The main objective of portfolio selection is the construction of a portfolio that maximises expected return given a certain tolerance for risk. There is an intuitive problem with the portfolio variance as a measure of risk. Using the variance in the portfolio optimization context, it means that outcomes that are above the expected portfolio returned are deemed as risky as outcomes that are below the expected portfolio return. The use of portfolio variance as a risk measure has been a subject to many discussions. There’s a thin line we step onto.

Since the class of risk for financial portfolios has been dividing into two sub-branches, namely, dispersion and downside risk measures, the **Roy’s safety-first criterion** (after the paper of Arthur Roy, Safety First and the Holding of Assets, *Econometrica* 1952 July, 431–450) refers more to the investor’s control over investment in the way such the investor makes sure that a certain amount of the invested principal is preserved, so the investor tries to minimise the probability that the return earned is less than or equal to the threshold $t$. Therefore, the optimization problem for portfolio with $N$ assets and associated weights of $w$ is:

$$

\min_{w} Pr(r_p\le t)

$$ or

$$

\min_{w} Pr\left( \sum_{i=1}^{N} w_ir_i \le t \right)
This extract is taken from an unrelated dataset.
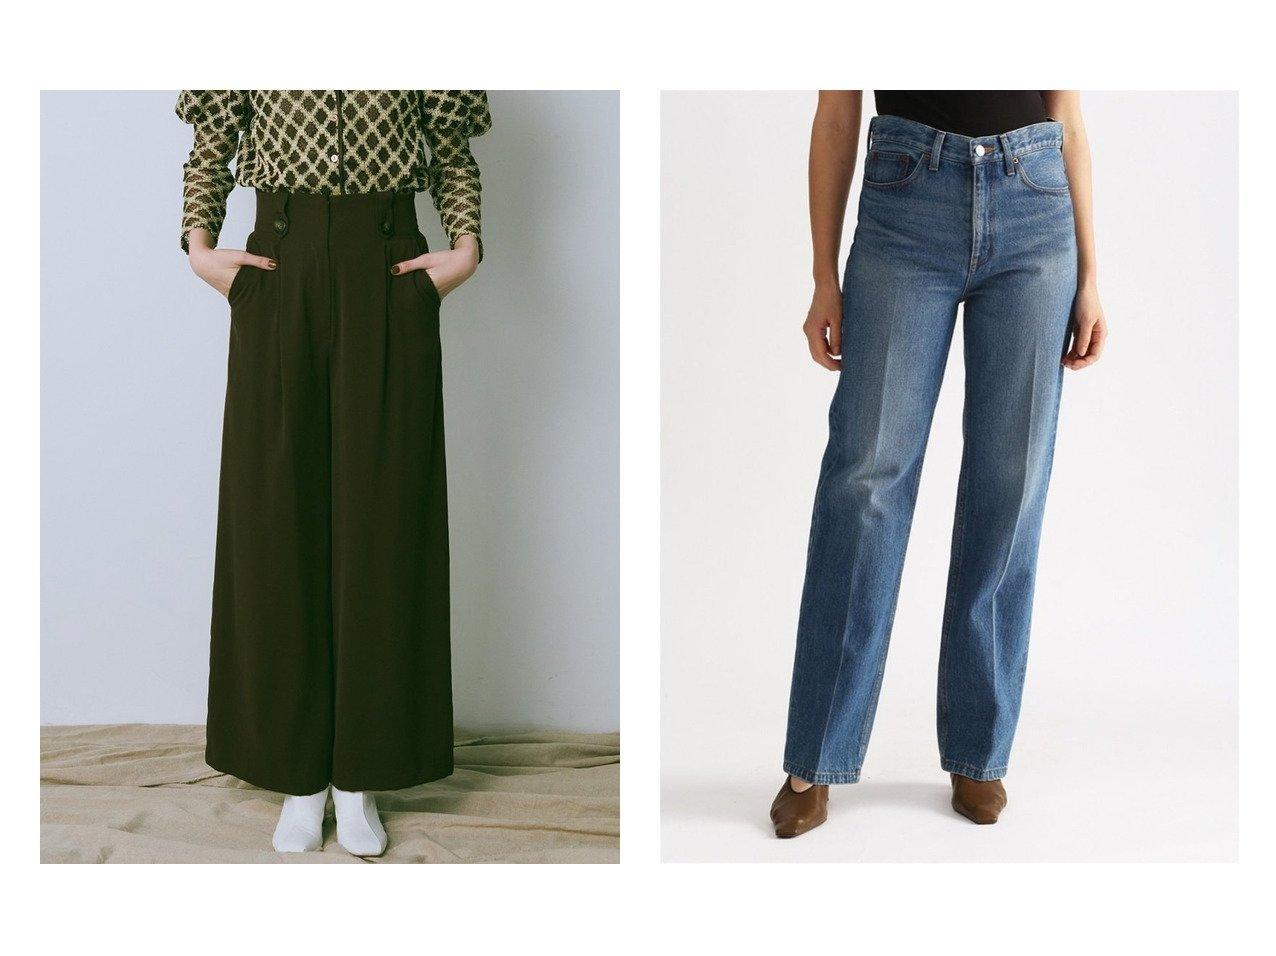 【Lily Brown/リリーブラウン】のハイウエストタックパンツ&【Mila Owen/ミラオーウェン】のセンター削りオーガニックデニムパンツ パンツおすすめ!人気、トレンド・レディースファッションの通販 おすすめで人気の流行・トレンド、ファッションの通販商品 メンズファッション・キッズファッション・インテリア・家具・レディースファッション・服の通販 founy(ファニー) https://founy.com/ ファッション Fashion レディースファッション WOMEN パンツ Pants デニムパンツ Denim Pants ジョーゼット ジーンズ ストレート ワイド 11月号 12月号 センター デニム ボックス ヴィンテージ |ID:crp329100000011325

$$ where, by a clever observation one can notice that Roy’s safety-first criterion is a special case of the **lower-partial moment** risk measure formula,

$$

\left(E[\min\{r_p-t,0\}^q]\right)^{1/q} \equiv \int_{-\infty}^{t} (t-r)^k f(r) dr

$$ when $k=0$. In financial risk management, Roy’s safety-first criterion is referred to as **shortfall risk**, and additionally, for $t=0$, the shortfall risk is called the **risk of loss**.